Sometimes the capacity of the trips that students are prepared to endure even surprises adults.
"I'll inform you when I felt it -- in that rare occasion when youngsters miss the bus, and I am taking them home. I'm thinking, 'Wow, "' said Montgomery Blair High school Principal Phillip Gainous. Long commutes are getting to be routine at the Silver Spring high school, one of the largest inside Montgomery and home to magnet programs in communications and scientific disciplines that lure students from through the county.

School officials across the region strain to keep regular, in-boundary school bus rides under an hour or so. But that has no displaying on magnet school commutes, which easily stretch longer. Students be able to make the best of it: One recent morning, a gang of Thomas Jefferson freshmen huddled around a smallish light clamped to a math textbook to examine for a test. Another university student strummed a guitar. Still others dozed to music using their company portable CD players.

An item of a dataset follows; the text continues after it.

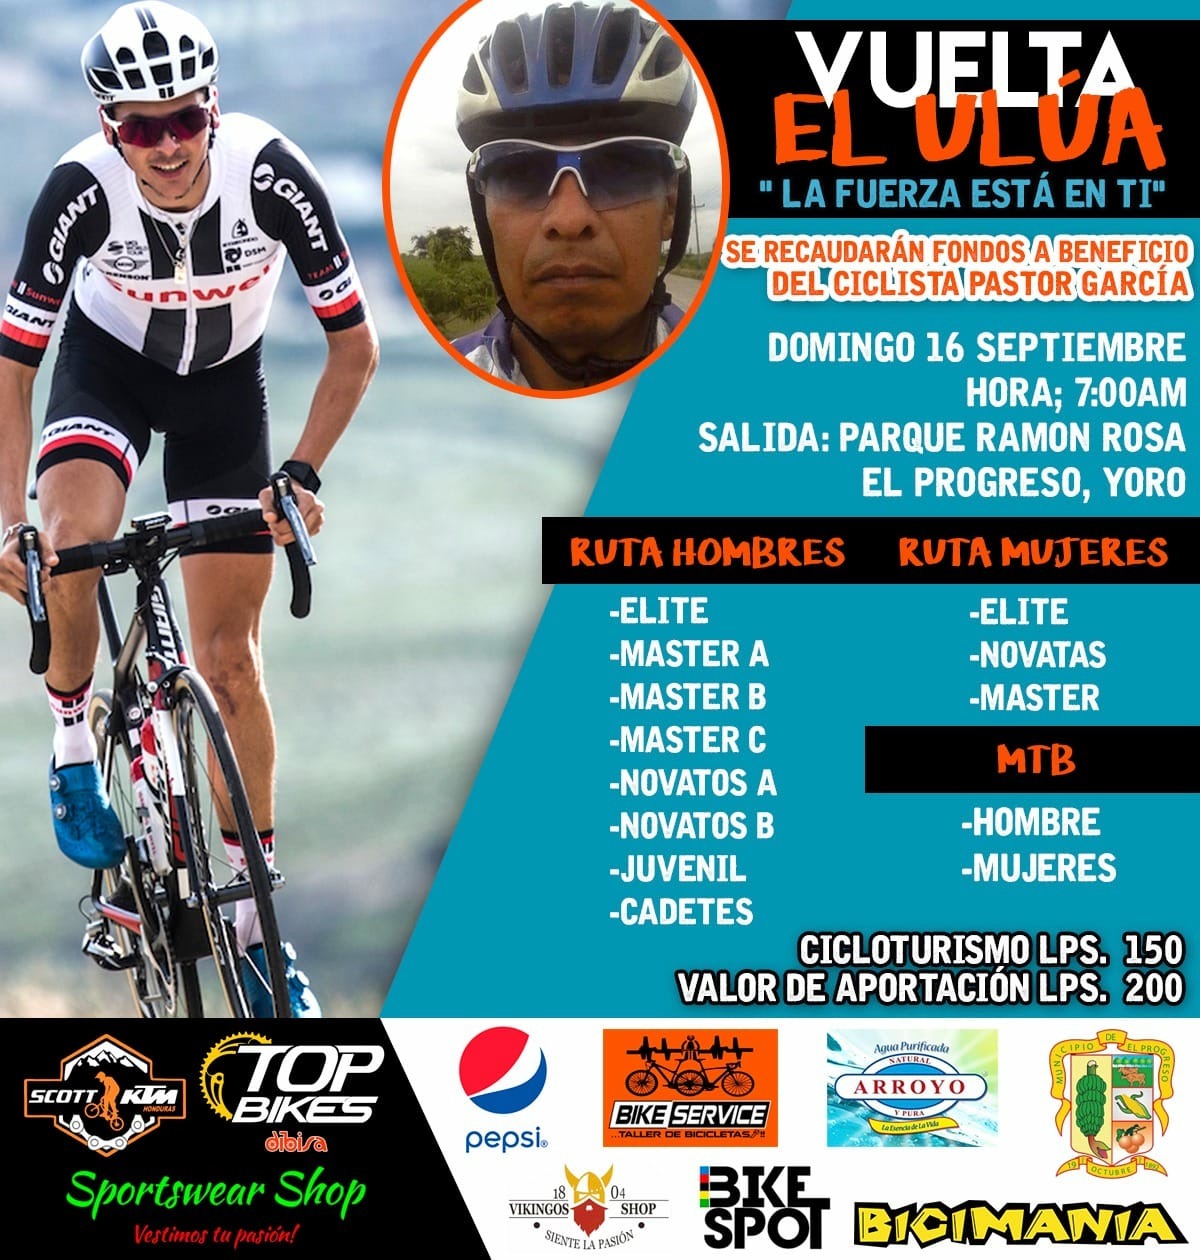 "Vuelta El Ulúa" en apoyo al ciclista Pastor Gómez, atropellada esta semana

Montgomery Blair once offered an associate program that gave far-flung students safe places to stay if the roads were tied up with bad weather or damages. But the program died out of lack of use, Gainous claimed. "We don't do that any more, because the kids are accustomed to traveling or waiting for the school, " he said. "They only sleep or do their preparation. "
Grace Chung, a 15-year-old Thomas Jefferson sophomore, tries to squeeze in most study time on the bus. But she's seen far much more intricate maneuvers: A friend once made a complete poster for spirit week, full of glitter, during the commute in order to school.
"She had her glue in addition to her glitter. She would pour it from the glue and then pour it the government financial aid the jar -- I don't think she spilled a single little bit of glitter, " she said.
Grace's base school is Chantilly. Like any traffic-hardened veteran, she separates the woman's commuting time into "good visitors days" and "bad traffic days. "
"Sometimes if traffic is basically good, we get there in 8 a. m., " a visit of about a half-hour, Elegance said. "And sometimes we reach one's destination right before the bell rings" from 8: 30. On a recent icy morning that spawned dozens of car accidents and backups, Grace caused it to be to school at 9: 40.
She sees the positives. "You make a lot of friends on the bus. I can take homework that I don't discover how to do and say, 'Here, guide me. ' There's some math whizzes around the bus. It's like study lounge. "
In Prince William State, 18-year-old Alan Hogan's hour-long bus ride is a lot more like those of old: No magnetic field school, he just lives from the rural, western part of the actual county. The stars are still bright when Hogan gets within the bus each morning. He attends Stonewall Jackson Senior high school, near Manassas. Prince William is constructing a high school for western-area students, but it won't open right up until 2004.
Until then, the kids just get accustomed to the journey.